Another topic I deal with in the book is pardons, which is the capacity that governors and the president of the United States have to pardon a crime. It would be a better world if we develop guidelines for the use of that power. There are other countries that don’t leave that power simply in the hands of one person. The pardon power is one in particular where there’s great risk of abuse, due to the access that those with more power or visibility have.
GAZETTE: Who should not be forgiven?
MINOW: I above all believe that this is a subject that deserves much more attention. We’re living in a time of resentment, and this country and other countries could gain by exploring the power to forgive that every religion has cultivated. Legal systems going back to Hammurabi’s Code and the Jubilee in the Bible have recognized that there needs to be a reset, a start over. At a minimum, we need more conversation, but of course, that means discussion about what’s not forgivable. For example, we have a statute of limitations for most crimes. Murder is so serious that even if it’s 20, 30 years later, you can still be prosecuted. And I think that is appropriate.
But there are some aspects of the legal system itself that are unforgivable. For example, the use of fines and fees laid on top of the punishment for poor people and the court systems that use them knowing full well that the individuals cannot pay them, which leads to incarceration despite the fact that the Supreme Court has said we should never have a debtors’ prison. That’s unforgivable. One of the important elements of thinking about forgiveness is that those who commit wrong should always be thinking about, “What can I do to make it better?” I think the legal system has to make the legal system better.
GAZETTE: What impact would you like your book to have?
MINOW: I’ve been teaching almost 40 years in law school, and I realized that law schools don’t usually teach about forgiveness.

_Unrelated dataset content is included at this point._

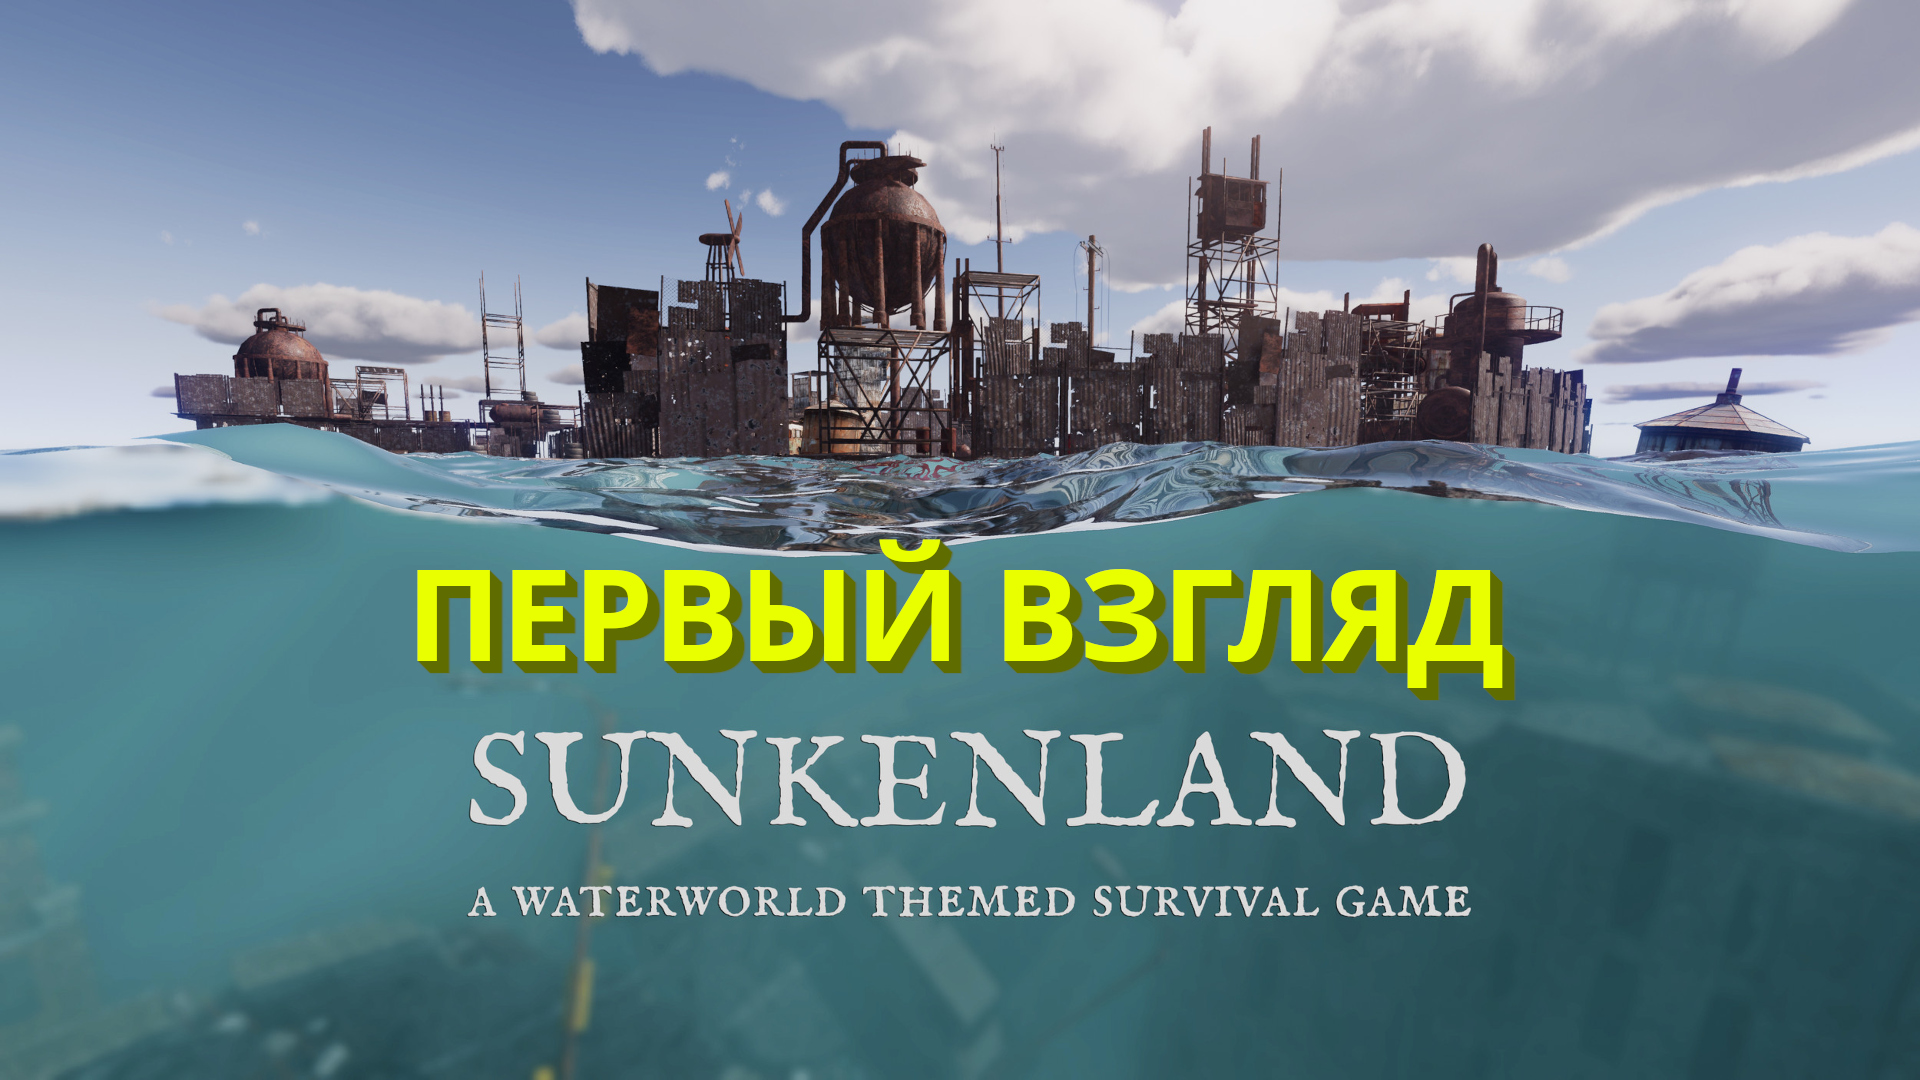 Sunkenland | Новая выживалка вышла! | Первый взгляд #1

I would like there to be discussion and education in law schools and in society generally about forgiveness: When should we forgive? When should the legal system forgive and when should it not forgive? How do we cultivate forgiveness and when should we not cultivate it? I explore in the book particular devices of forgiveness, as well as the possibility of creating legal systems that allow people to forgive one another. The use of restorative justice in criminal justice to bring people together, offenders and people who’ve been victimized, and allow them to talk with each other is very promising.
I hope an impact of the book is to encourage people to take seriously the possibility of the legal system encouraging and supporting future-oriented solutions rather than always looking at the past and always looking to blame. Justice itself is seeking a response to wrongs but can be judged by whether the responses are proportional or whether they serve human ends. We should remind ourselves that we’ve created criminal and bankruptcy law to serve goals in the same way that every religion, every society, every civilization has promoted the development of apology, forgiveness, compensation, and restitution. We should remember the purposes of strengthening human relationships and helping people overcome trauma and helping societies rebuild after terrible atrocities; and we should revise the legal system to make those goals better served. We need more forgiveness, but we need a jurisprudence for forgiveness.
This interview has been condensed and edited for length and clarity.